** Opening MATERIAL TO PROCESS block **
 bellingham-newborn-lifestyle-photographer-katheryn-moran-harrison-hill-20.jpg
** Closing MATERIAL TO PROCESS block **
** Opening MATERIAL TO PROCESS block **
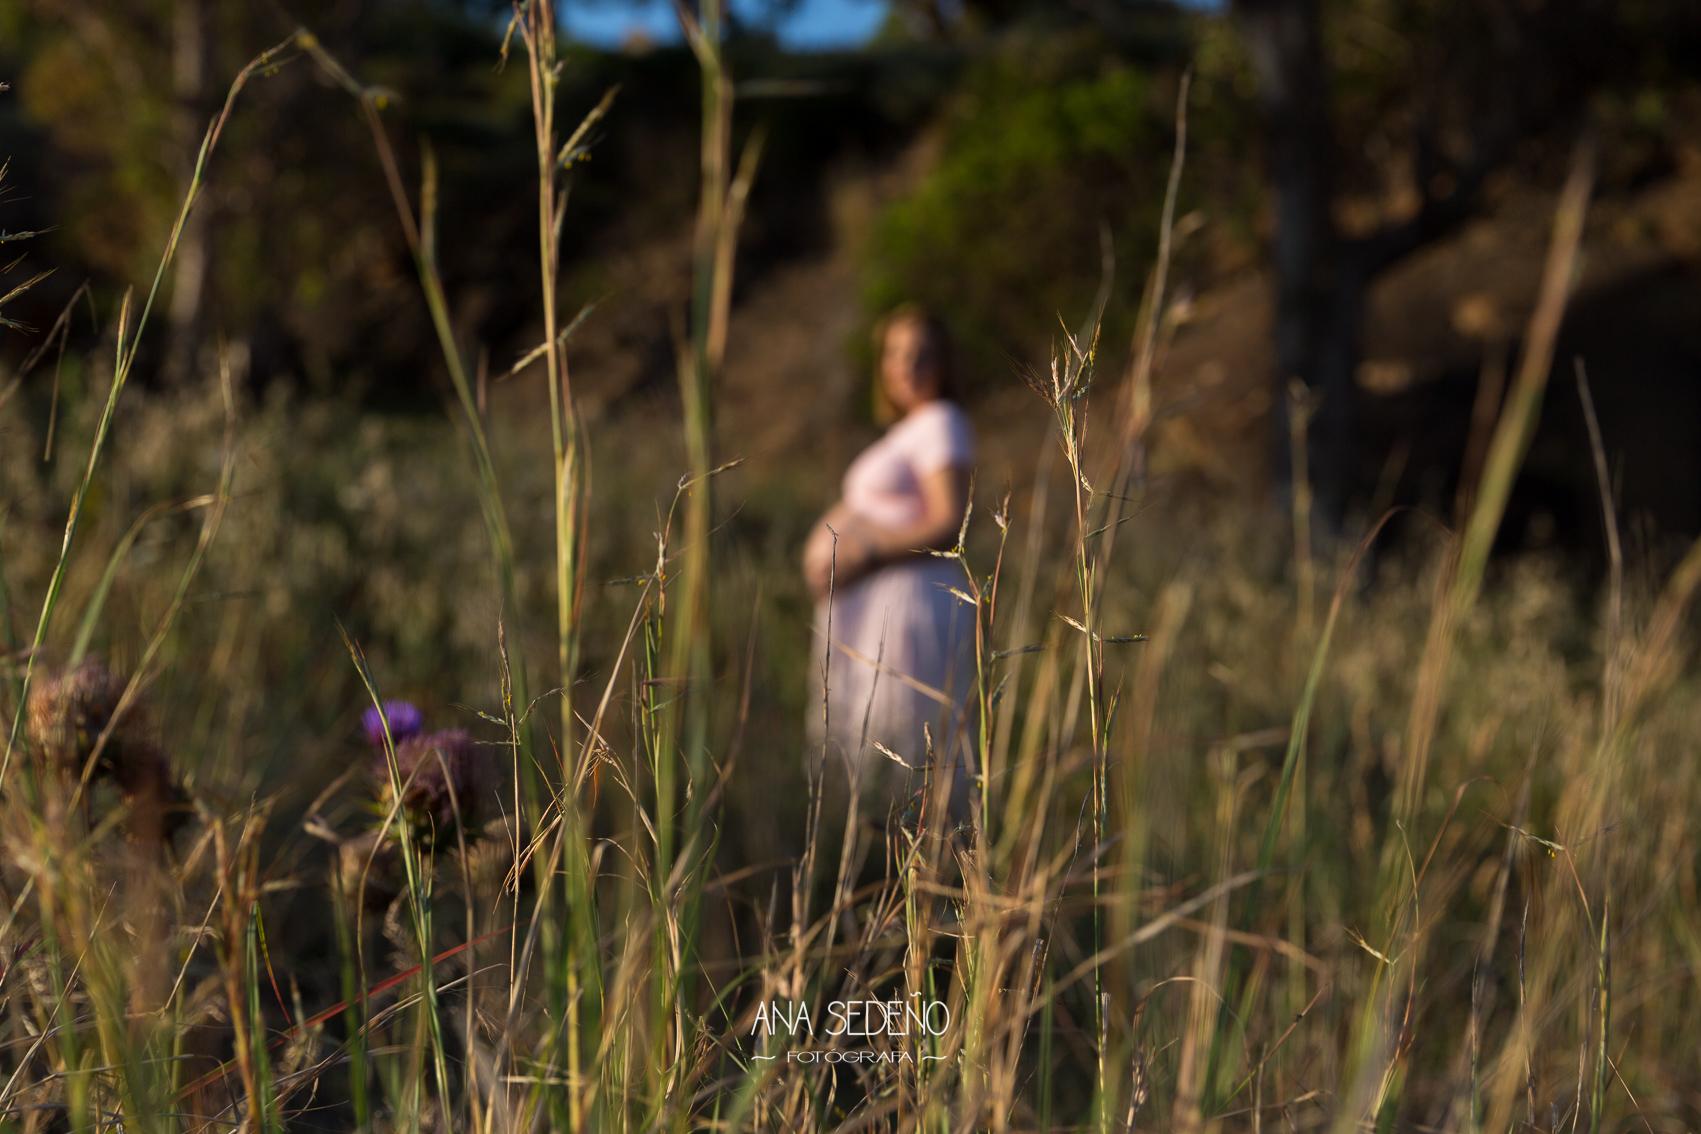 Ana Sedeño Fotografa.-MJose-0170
** Closing MATERIAL TO PROCESS block **
** Opening MATERIAL TO PROCESS block **
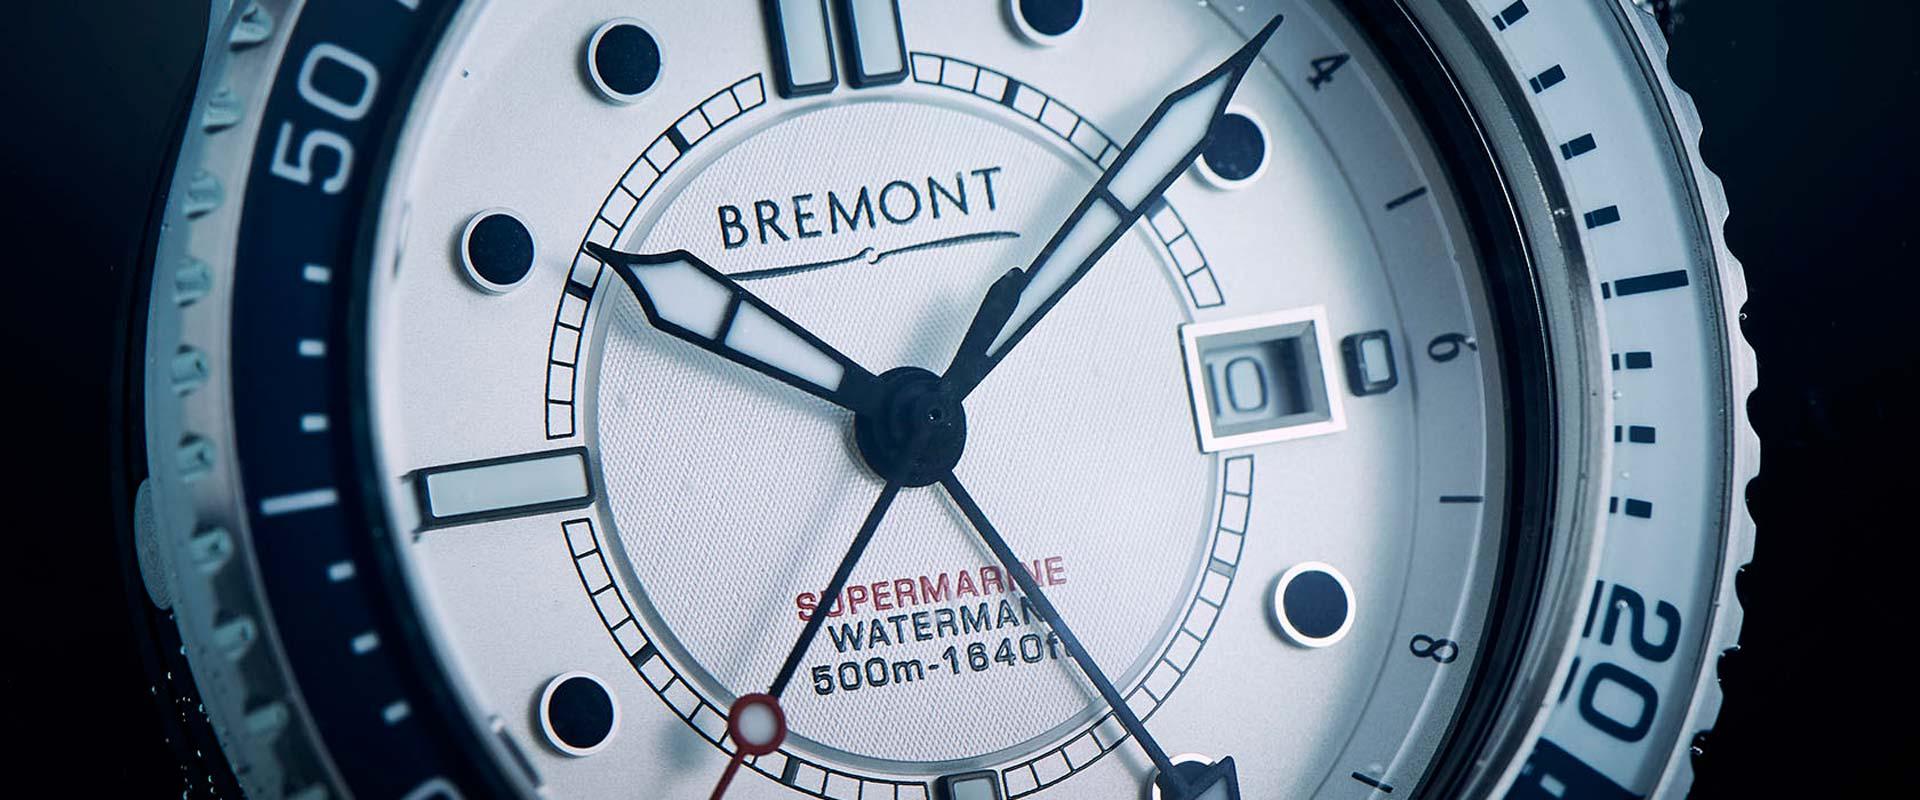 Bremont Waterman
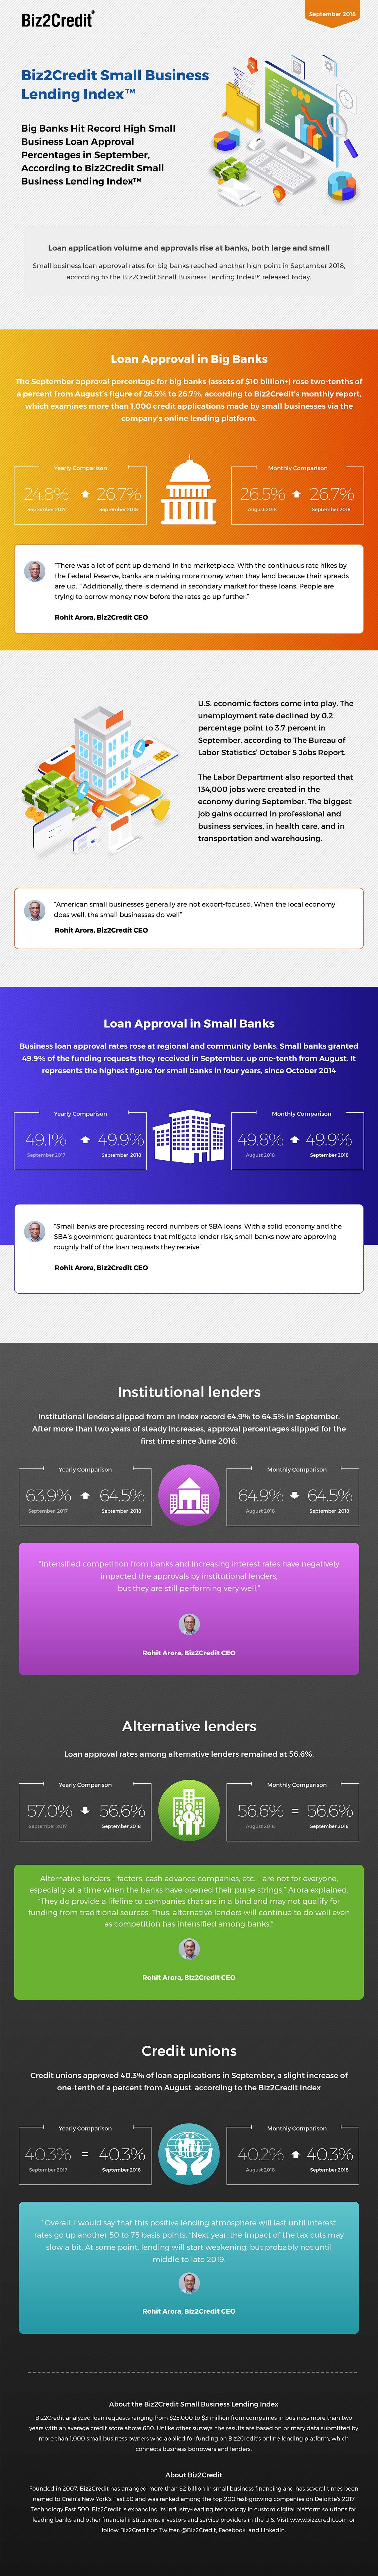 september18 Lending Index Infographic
** Closing MATERIAL TO PROCESS block **
TASK: Among the entries above, take the lines from the one with "Bremont Waterman" through the one with "september18 Lending Index Infographic" and retype them exactly, leaving out the pictures.

EXPECTED ANSWER:
 Bremont Waterman
 september18 Lending Index Infographic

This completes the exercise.